Лукас сказал это искренне. Он точно знал, о каком сертификате идет речь, потому что сам когда-то пытался его получить. Он собирался подать заявление на должность в посольстве на Ӧссе, и ему казалось, что любой диплом или сертификат, который можно упомянуть в резюме, мог бы пригодиться. Он был уверен, что тесты сдал успешно, хотя они были адски трудными и заняли целых пять часов; но ӧссеане лишь сказали ему, что он не соответствует критериям. Ничего объяснять они были не обязаны. В делах Церкви не существует понятия апелляции. Лукас мог бы попытаться снова, но махнул на это рукой, так как решил, что все это не просто так и его имя, вероятно, будет занесено в черный список. Вдобавок к слоновьим ушам, у ӧссеан и память как у слонов; а Лукас хорошо знал, что земное представительство Церкви взяло его на карандаш, еще когда ему было девятнадцать лет. Тот факт, что он, будучи совсем юным, оскорбил все духовенство ӧссенского храма и полдюжины священников, был лишь одним из эпизодов его вечной и совершенно безнадежной войны со старым профессором.

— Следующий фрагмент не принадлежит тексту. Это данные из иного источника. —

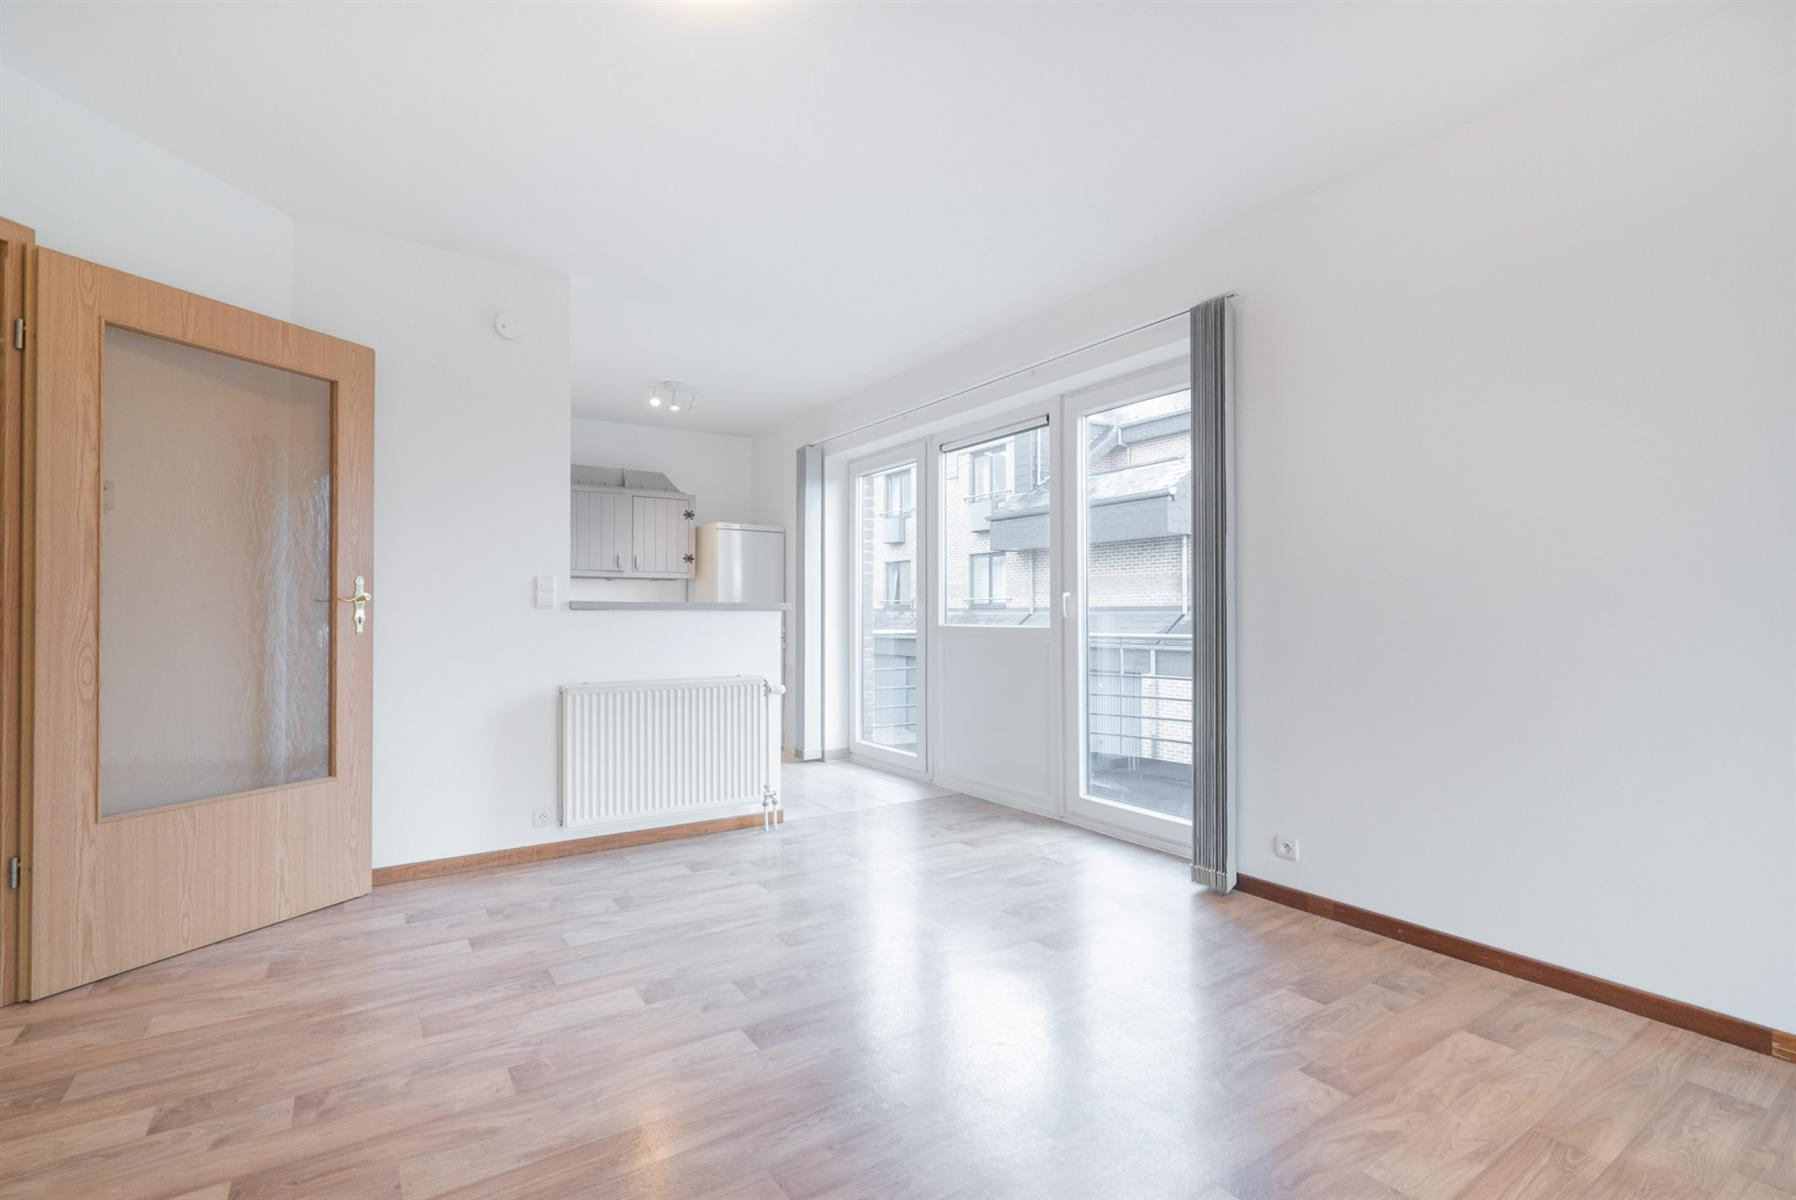 Appartement - Jalhay - #4305578-1

— Я всегда мечтал посвятить себя ӧссенской истории и религиоведению. Знаете… ее постижению. Изучению. Это интерес всей моей жизни,— объяснял Трэвис.— Но… так или иначе… вы понимаете, что не всем дано воплотить свои мечты в реальность.

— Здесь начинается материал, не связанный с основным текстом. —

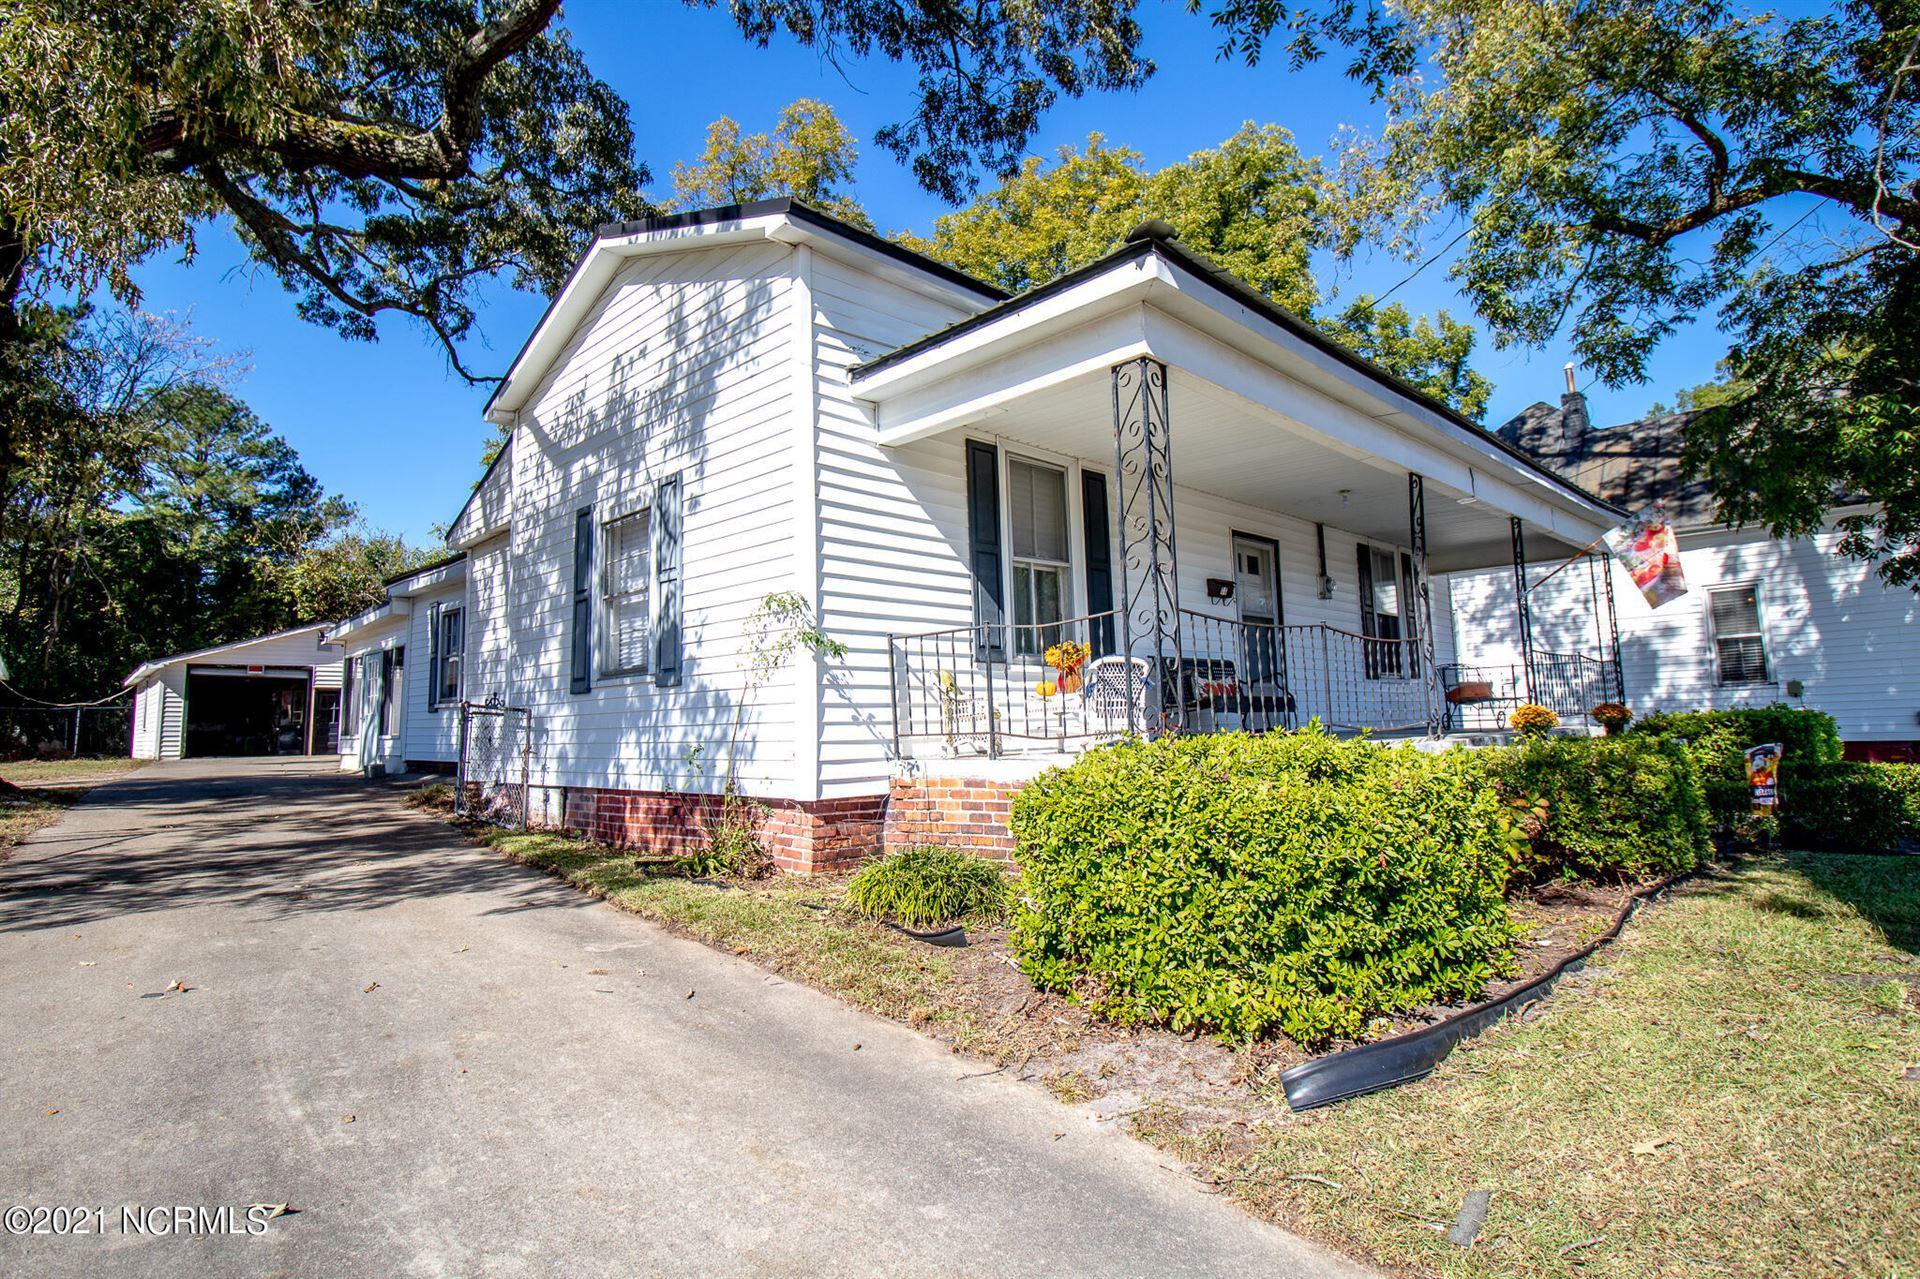 Photo of 1006 Branch Street, Rocky Mount, NC 27801 (MLS # 100296046)

Лукас чувствовал, как мышцы его живота непроизвольно напрягаются, словно в ожидании удара. «Ну, вперед»,— подбодрил он сам себя.
— Жаль, что мы тогда не были знакомы,— произнес он все так же с улыбкой.— Я бы представил вас своему отцу. Он годами работал в этой области.
— Вашему отцу! — ахнул Трэвис и всплеснул руками.— Конечно же, я с ним встречался! А вы как думали?! У меня были серьезные намерения, так что мы едва ли могли разминуться. Он был… действительно самым большим специалистом в исследованиях Ӧссе. Потрясающий. Уважаемый всеми. Блестящий. Его гениальная транскрипция перегласовок…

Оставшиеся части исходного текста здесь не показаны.